Porcupines – literally ‘spiny pigs’ - have a gestation period of about six months, which is completely irrelevant to dentistry but a useful introduction to the subject of recall intervals for dental patients.
I always understood that the traditional six month recall interval was the result of a decision by a civil servant, at the initiation of the National Health Service in 1948, that ‘no fee shall be payable for an examination of a patient for whom the same dentist was paid, or is entitled to be paid, a fee for an examination during the previous five complete calendar months.’ In other words, dentists could claim a fee every six months for an examination and as a consequence of that, six months became the default recall interval. There was as far as I am aware, no science behind that decision. It was purely administrative – and a rule rigidly applied by the clerks, and later the computers, at the Dental Estimates Board and its later configurations until the introduction of Units of Dental Activity in 2006.
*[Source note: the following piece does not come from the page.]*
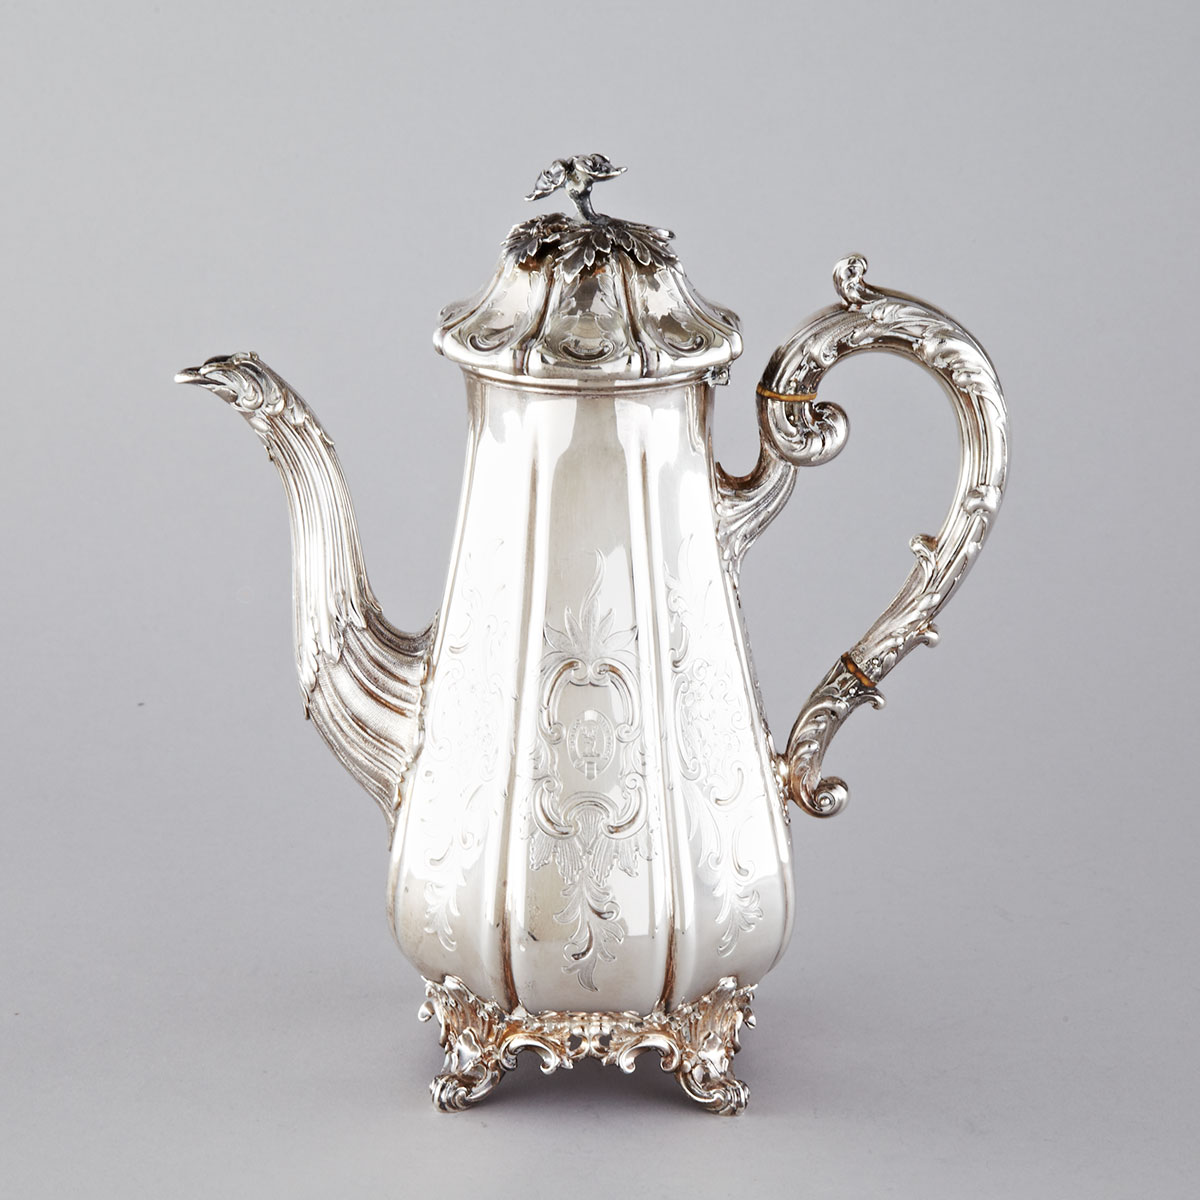 Victorian Silver Coffee Pot, Edward, Edward, John & William Barnard, London, 1839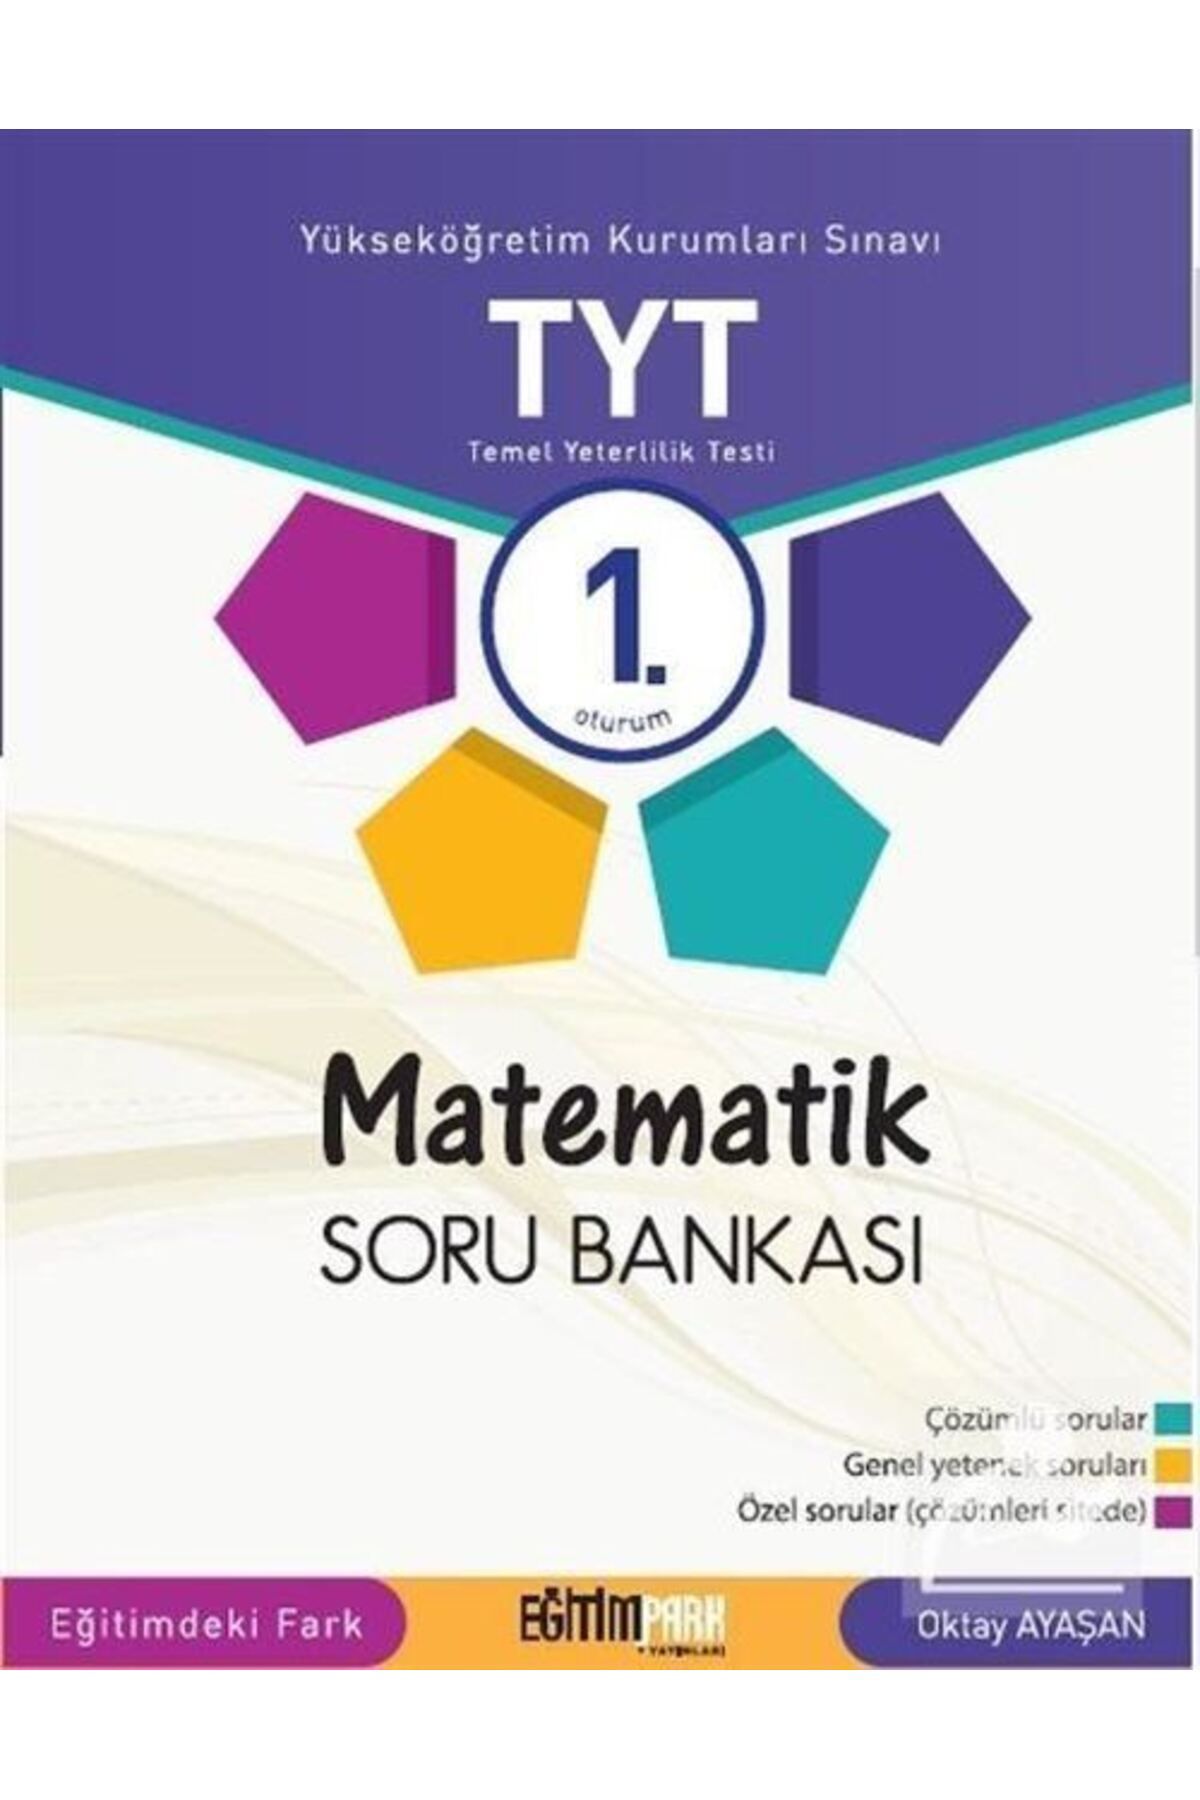 EĞİTİM PARK YAYINLARI Tyt Matematik Soru Bankası

In 2004, however, the National Institute for Health and Care Excellence (NICE) had issued guidelines which moved recall intervals away from the fixed six months to a risk-based approach, and stated that
‘the recommended interval between oral health reviews should be determined specifically for each patient and tailored to meet his or her needs, on the basis of an assessment of disease levels and risk of or from dental disease.’
With the introduction of the 2006 new contract, this risk based approach became a contractual requirement and this was reinforced in a 2022 Chief Dental Officer letter to GDPs. NICE also reviewed their guidance in 2020 in the light of the INTERVAL trial but made no changes to the recommendations.
The INTERVAL trial report reviews the history of the six month recall interval, indicating that while initially the concept was to identify early lesions so that they could be restored, this has now moved on to identifying early lesions so that preventive strategies can be put into place. Carried out in general practices (yippee! – research on the frontline!), the study concluded that
Over a 4-year period, we found no difference in oral health between patient participants allocated to a 6-month or a variable risk-based interval. Nor did we find a difference between the intervals of 24-month, 6-month and risk-based recall for the 30% of adults considered suitable to be at 24 months by their dentist. However, people greatly value and are willing to pay for frequent dental check-ups.
So, there’s no difference in oral health (caries and periodontal disease, at least – oral cancer was not considered) between those recalled at six months or those on risk-based recall intervals of one or two years. BUT patients like six month recalls. It’s been ingrained in the motivated patients’ psyche for three generations now.
What do dentists think? Ten years ago, a postal survey study showed that practitioners in West Sussex knew about the NICE guidelines, carried out the risk assessments but didn’t actually put them into practice, still using the six month recall pattern, believing that caries, periodontal disease and oral cancer may be missed with a less frequent recall intervals. The practitioners didn’t believe that access to NHS dentistry would be improved by lengthening recall intervals. A more recent interview based study of Welsh dentists showed a similar good understanding of risk assessment and recall intervals and were trying to put them into practice but found high risk patients resistant to three month recalls. The participants thought that the UDA system, perversely, encouraged the six-monthly recall of low-risk patients and were financially beneficial to their practices.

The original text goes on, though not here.